When her longtime friend Cassandra, café owner and occasional dance-class
partner, suggests that she start up a conversation group, Hazzley posts a
notice on the community board at the local grocery store. Four people turn up
for the first meeting: Gwen, a recently widowed retiree in her early sixties,
who finds herself pet-sitting a cantankerous parrot; Chiyo, a forty-year-old
fitness instructor who cared for her unyielding but gossip-loving mother
through the final days of her life; Addie, a woman pre-emptively grieving a
close friend who is seriously ill; and Tom, an antiques dealer and amateur poet
who, deprived of home baking since becoming a widower, comes to the first
meeting hoping cake will be served. Before long, they are joined by Allam, a
Syrian refugee with his own story to tell.
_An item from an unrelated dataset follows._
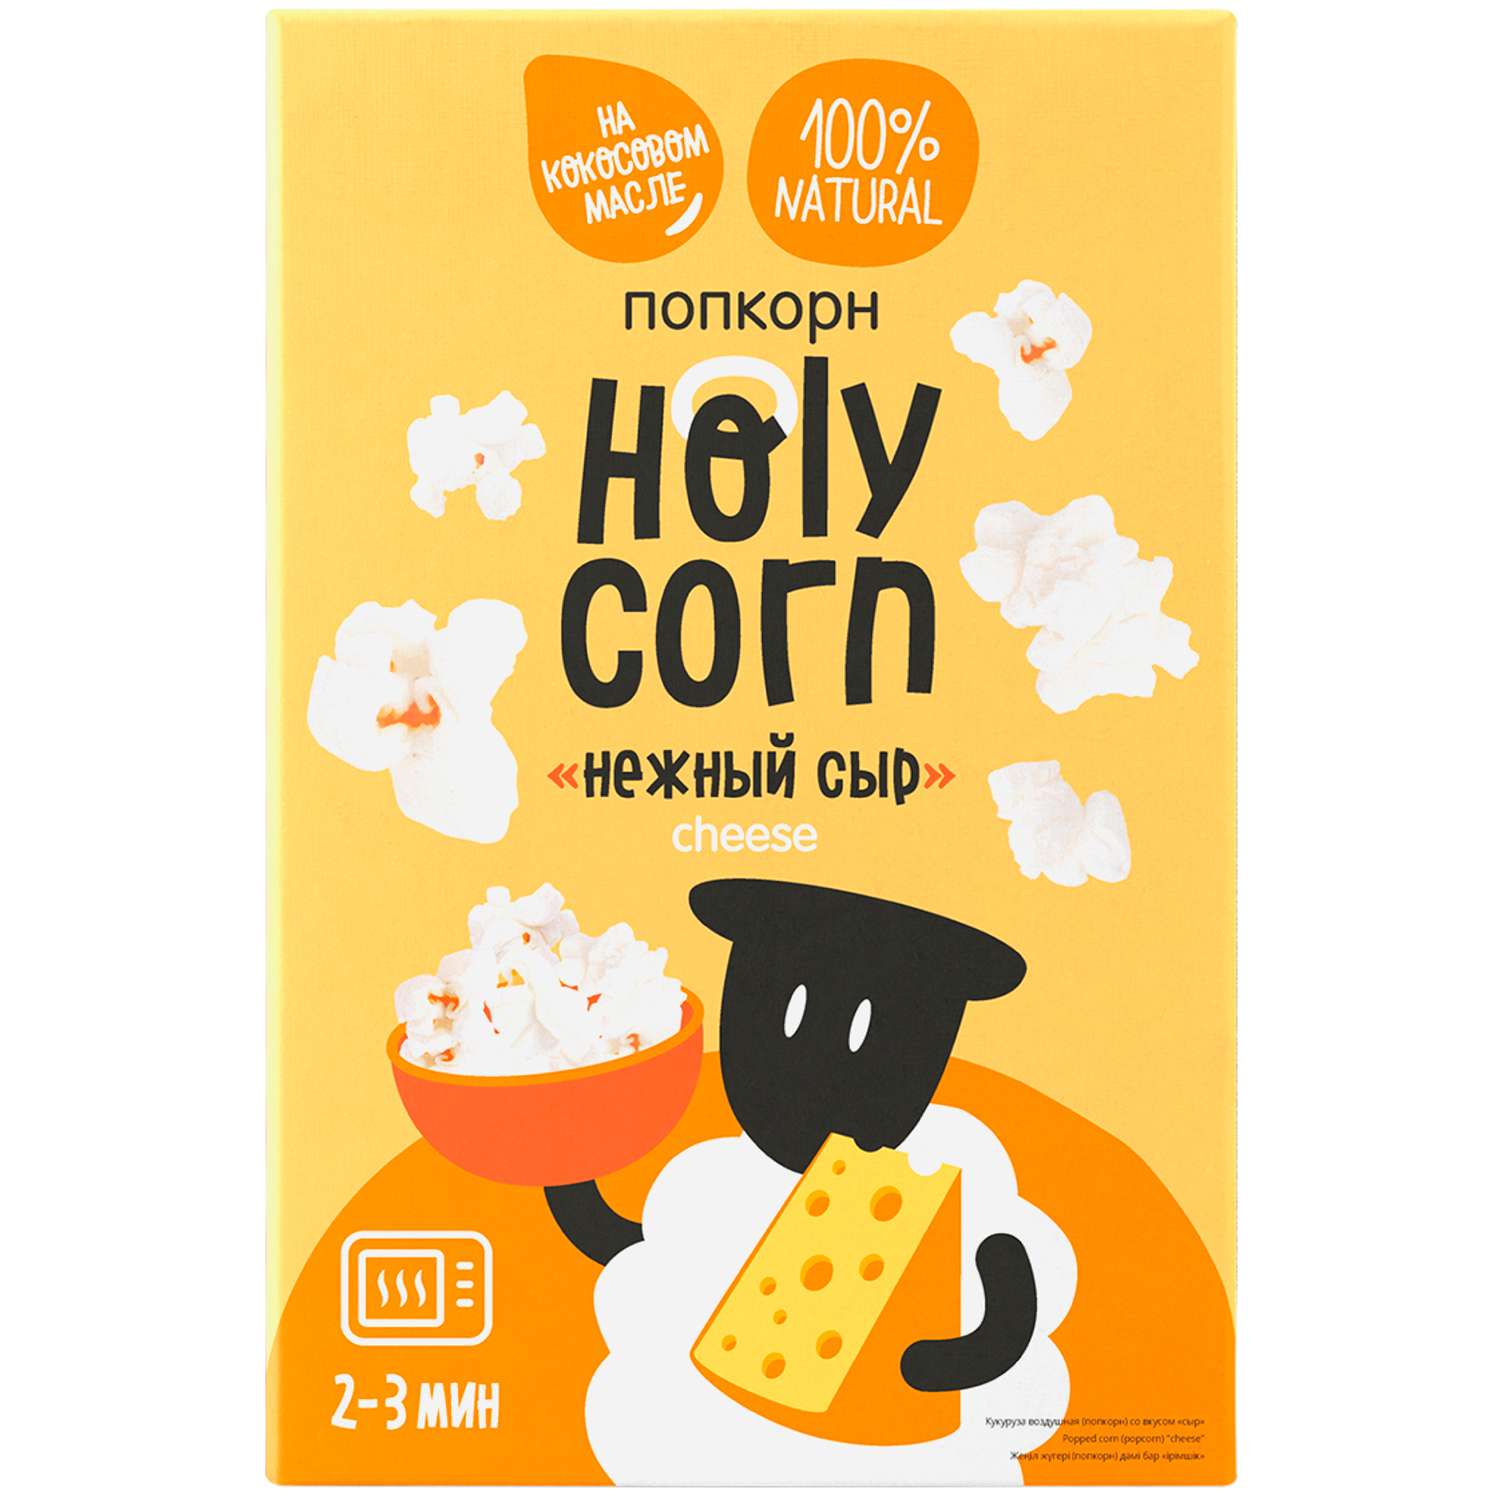 Попкорн Holy Corn СВЧ нежный сыр70г - фото 1
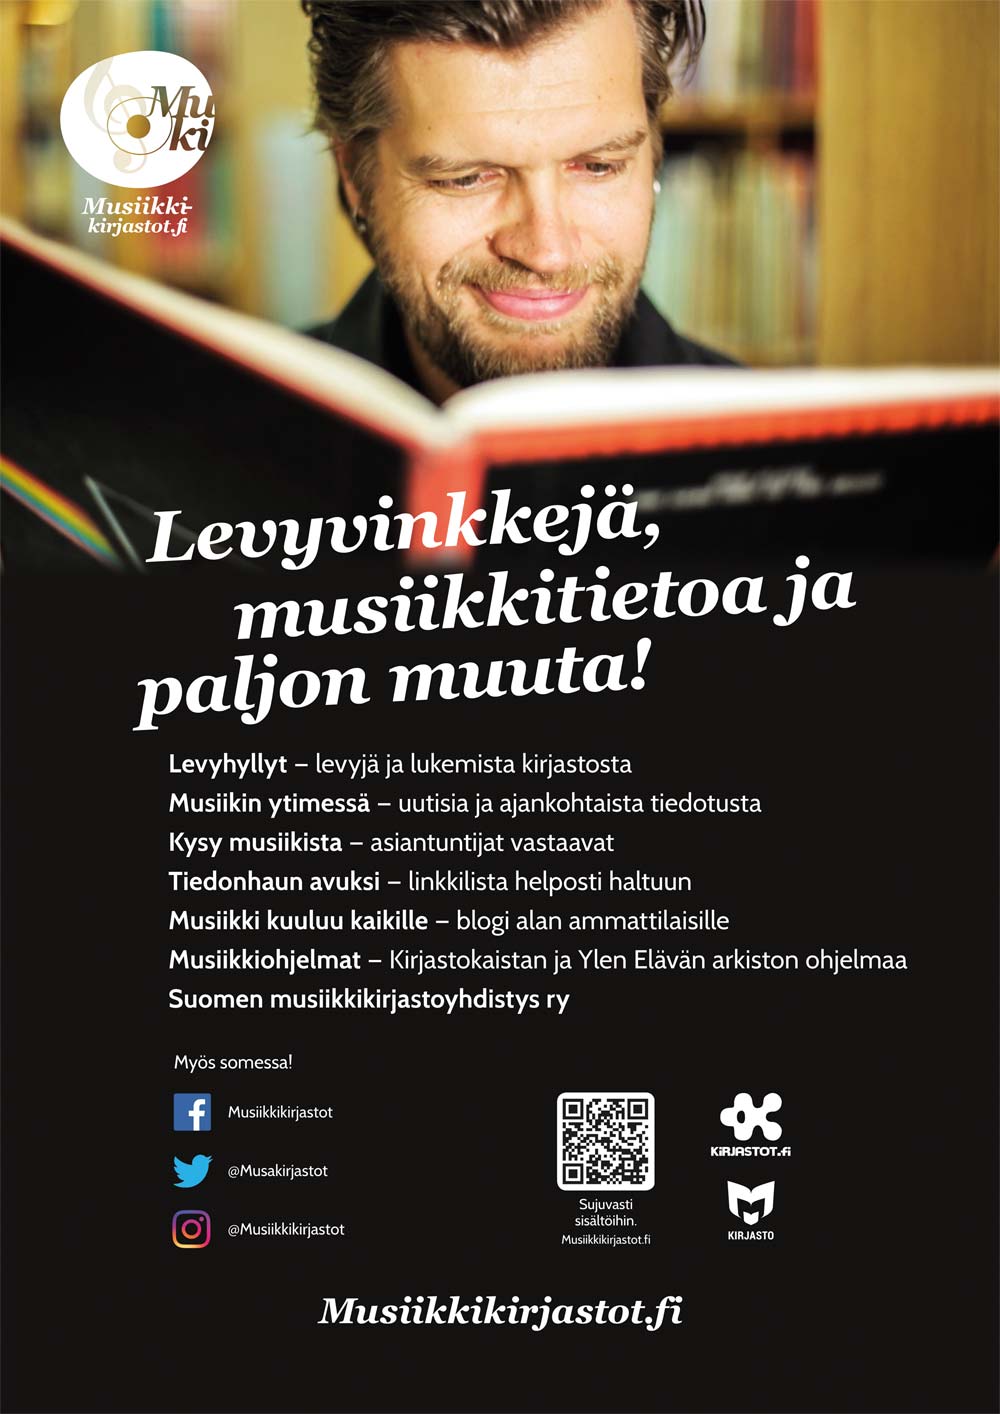 Musiikkikirjastot.fi:n juliste on ladattavissa Materiaalipankista.

These six strangers are learning that beginnings can be possible at any
stage of life. But as they tell their stories, they must navigate
what is shared and what is withheld. Which version of the truth will be revealed? Who is
prepared to step up when help is needed? This moving, funny and deeply
empathic new novel from acclaimed author Frances Itani reminds us that life,
with all its twists and turns, never loses its capacity to surprise.
More details
Person
FRANCES ITANI has written eighteen books. Her novels include That’s My Baby; Tell, shortlisted for the Scotiabank Giller Prize; Requiem, chosen by the Washington Post as one of the top fiction titles of 2012; Remembering the Bones, published internationally and shortlisted for a Commonwealth Writers’ Prize; and the #1 bestseller Deafening, which won a Commonwealth Writers’ Prize and was shortlisted for the International IMPAC Dublin Literary Award. Published in seventeen territories, Deafening was also selected for CBC’s Canada Reads. A three-time winner of the CBC Literary Prize, Frances Itani is a Member of the Order of Canada and the recipient of a 2019 Library and Archives Canada Scholars Award. She lives in Ottawa.